Power went out the other day but I didn't notice any issues when it came back and turned the machine back on.
That was unitl I tried to make a backup of one of my VMs (VM 100 - it's a Windows 10 LTSC machine) and it keeps giving me the error in the title.
On my setup, backups are supposed to be stored on local-lvm, but I also have a NAS where I could store them. Tried both options but it doesn't seem to make any difference.

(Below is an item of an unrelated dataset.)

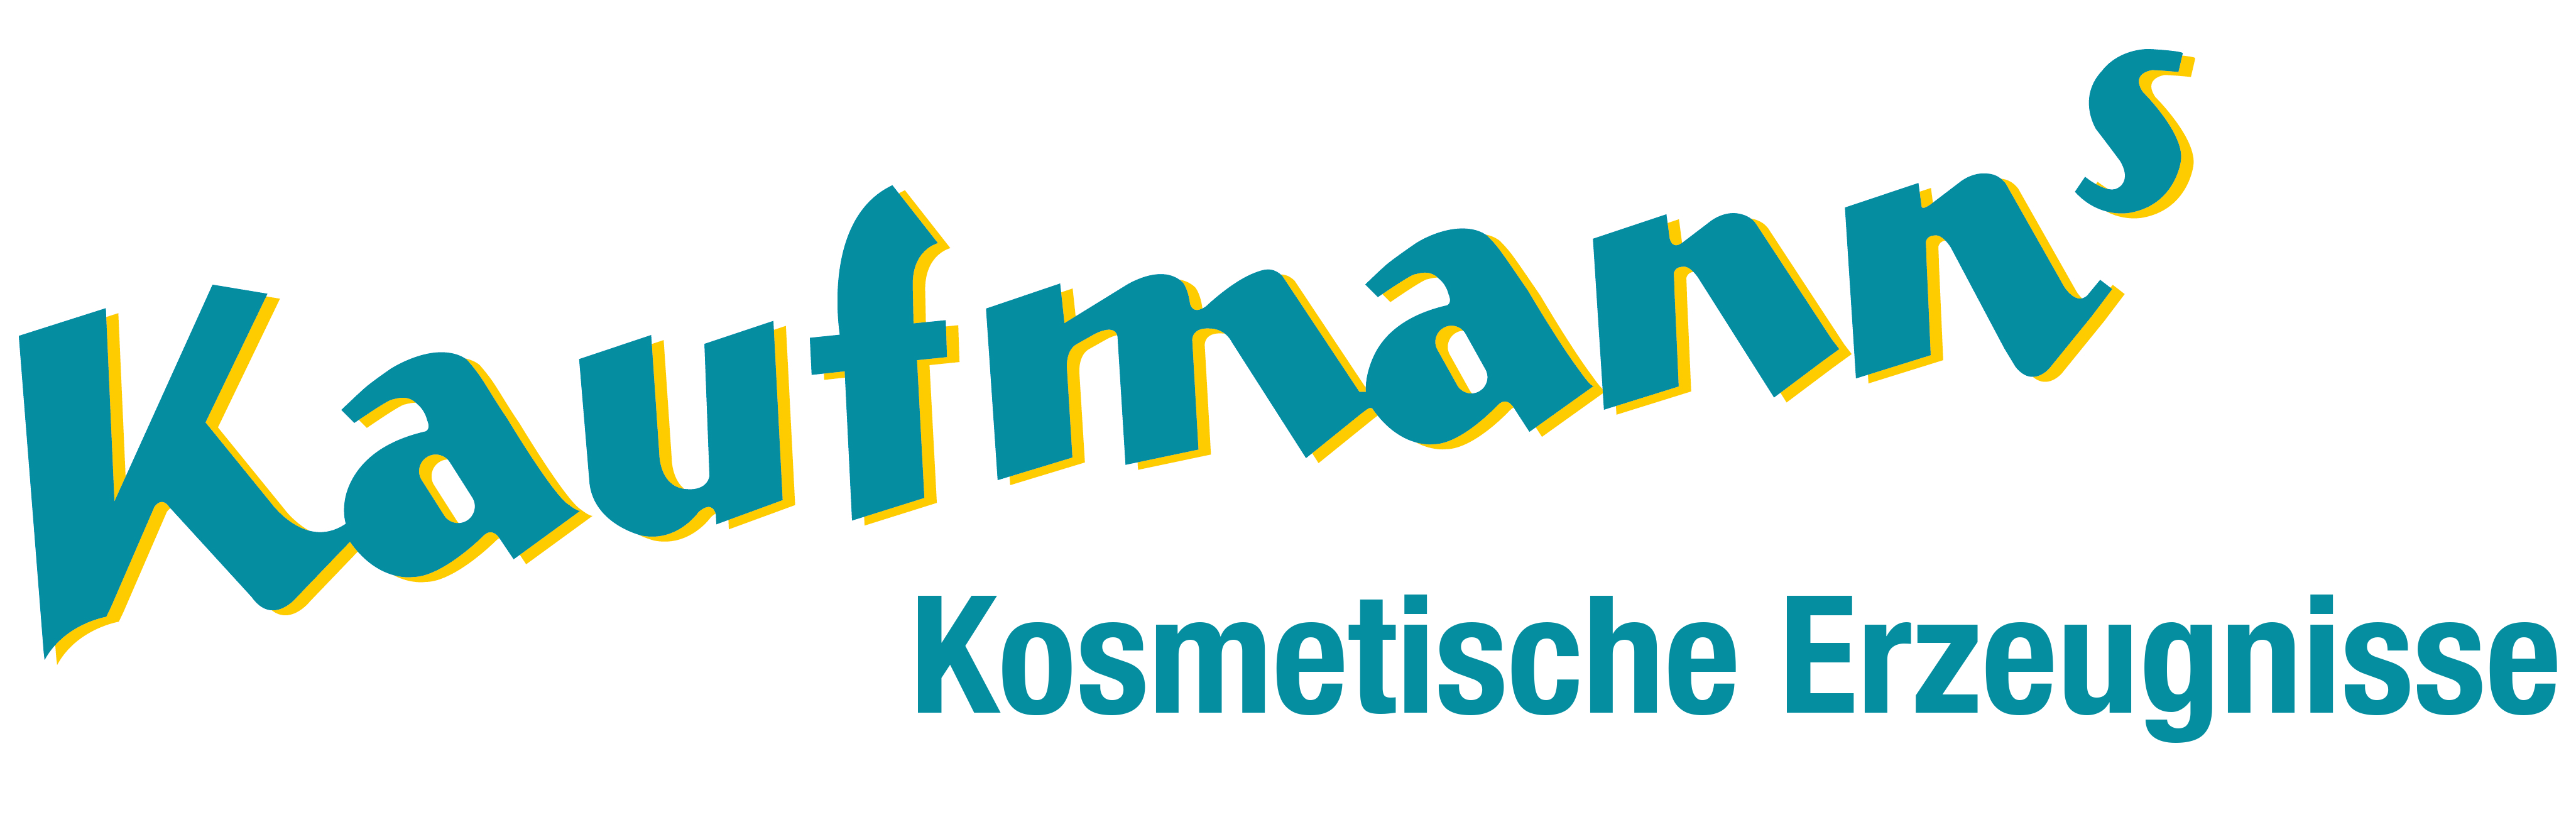 Logo_KaufmannsCreme

Tried different compression methods but also doesn't seem to make any difference. It's the only VM that refuses to backup (it was on at the time of the power outage).

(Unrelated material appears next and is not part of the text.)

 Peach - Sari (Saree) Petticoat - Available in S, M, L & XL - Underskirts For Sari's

I've tried backing up other VMs and CTs and they backup just fine, that one seems to be the only one affected.
The way I see it, given the info I've gathered it seems to be related to some bad sectors and I'm thinking that a fsck would probably solve the issue, the problem is that it doesn't seem to be that straightforward doing it on Proxmox and frankly I'm completely lost at this point. Some help would be greatly appreciated as I use that machine for some work related stuff and I'd like to be able to back it up just in case. I'd like to know how I could run something like fsck or some other tool to scan and repair the drive where my VM's data resides. I'm not a Linux expert by any means, especially when it comes to Proxmox, otherwise I wouldn't be here.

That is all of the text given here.